# Jersey Bass



## shamoo (Nov 19, 2007)

Here a little fellow I caught in the spring


----------



## Captain Ahab (Nov 20, 2007)

Mr. Shamoo - that is a very nice bass. Hmmm, let me guess, on a slider?


----------



## shamoo (Nov 20, 2007)

I caught this one on a Senko :shock:


----------



## Captain Ahab (Nov 20, 2007)

shamoo said:


> I caught this one on a Senko :shock:



Hey, you are working my side of the street :lol:


----------



## shamoo (Nov 20, 2007)

LOL :lol:


----------



## redbug (Nov 20, 2007)

nice fish and I'm diggin the dad your fishin out of


Wayne


----------



## shamoo (Nov 20, 2007)

Theres two chained to a tree, something they let stay at the lake, they have one that has a milk carton for a rear seat


----------



## little anth (Nov 20, 2007)

nice one thats the first post i remeber from u on the bb. :shock:


----------



## shamoo (Nov 20, 2007)

That was an incredable day my friend, I got pictures of a huge sunny my buddy caught that day also, it was like none stop.
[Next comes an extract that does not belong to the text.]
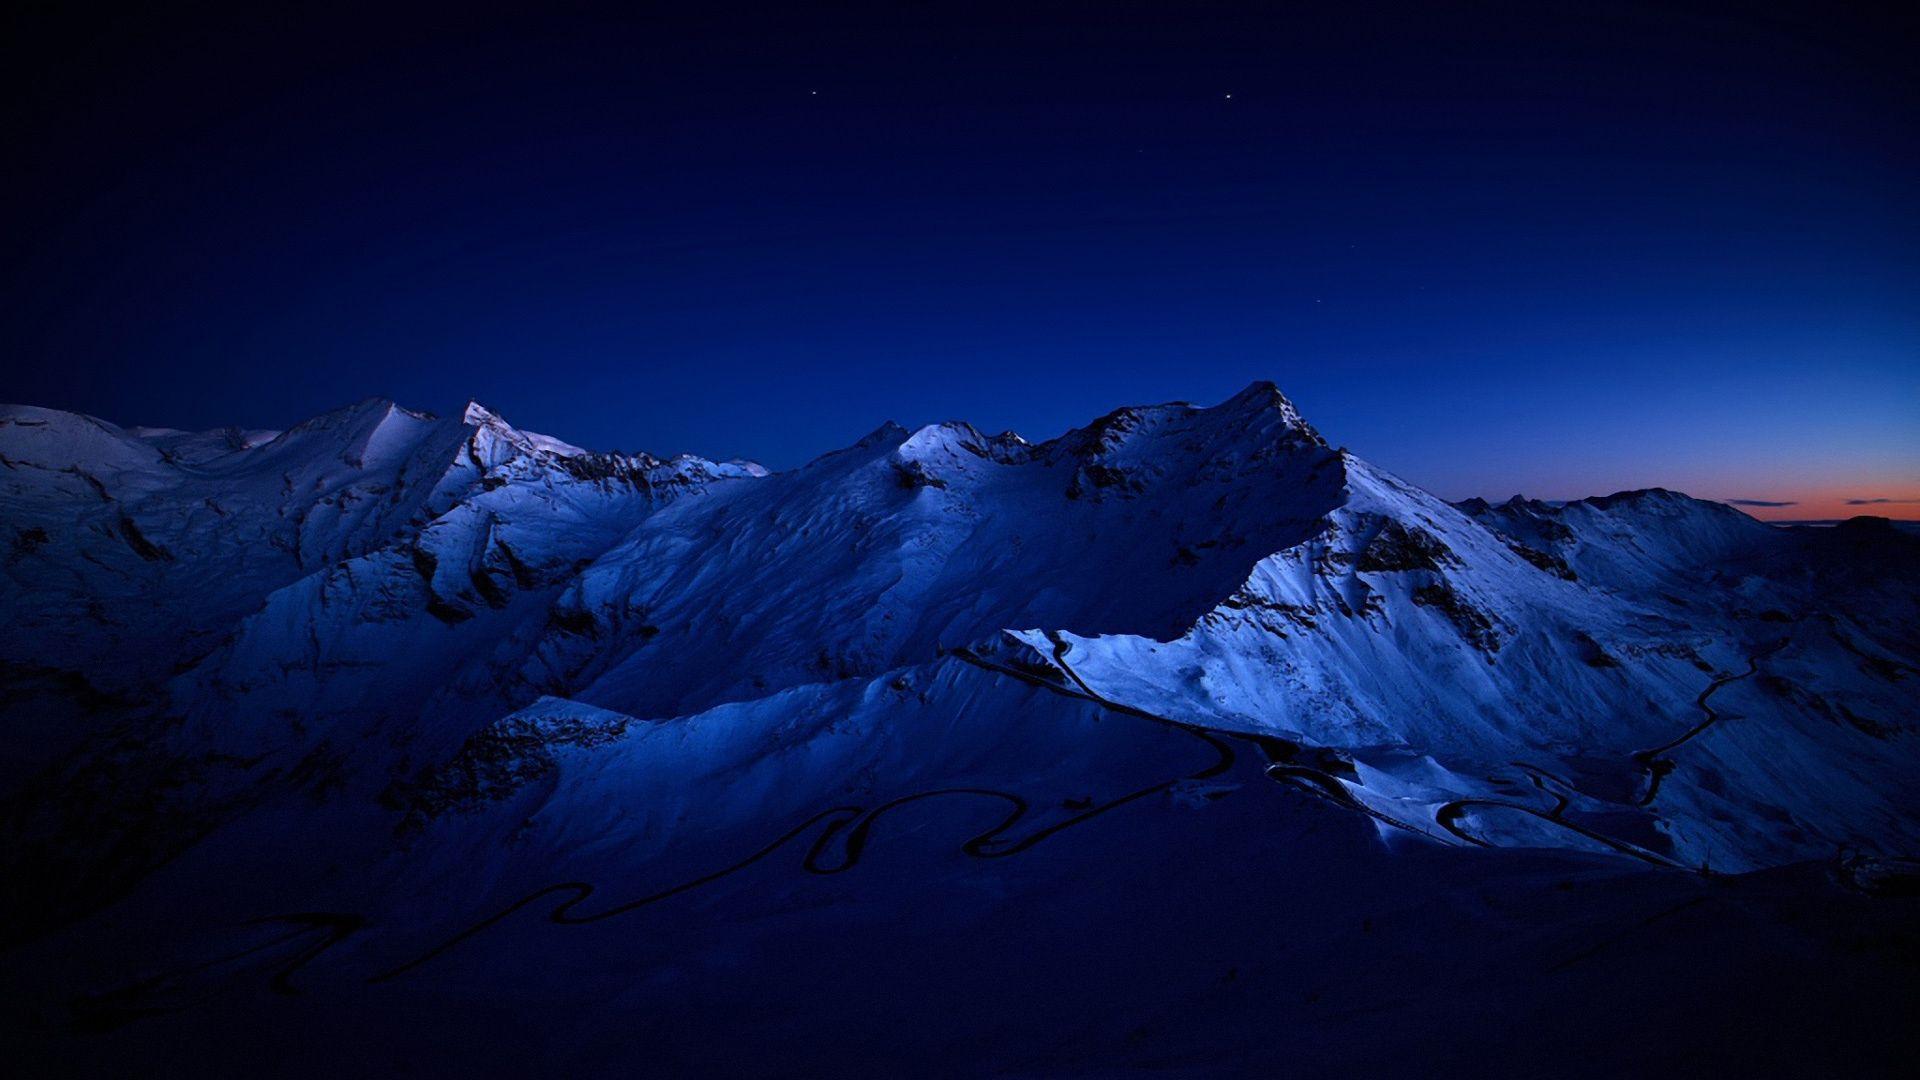 Wallpaper mountains, night, sky, road, bends, darkness. Mountains at night, Mountain picture, Mountain wallpaper

I dont think I'll have another day like that in my life. if I get an invite back, I certainly will try to duplicate it.


----------



## SMDave (Nov 20, 2007)

Here are a few from me: Jersey Bass!











Certainly not my biggest, but up there. The last pic of me in the grey sweatshirt was taken a couple years ago when my hair was out of control.


----------



## Jim (Nov 21, 2007)

Loving the crawdad too. Nice fish Mr Shamoo.


----------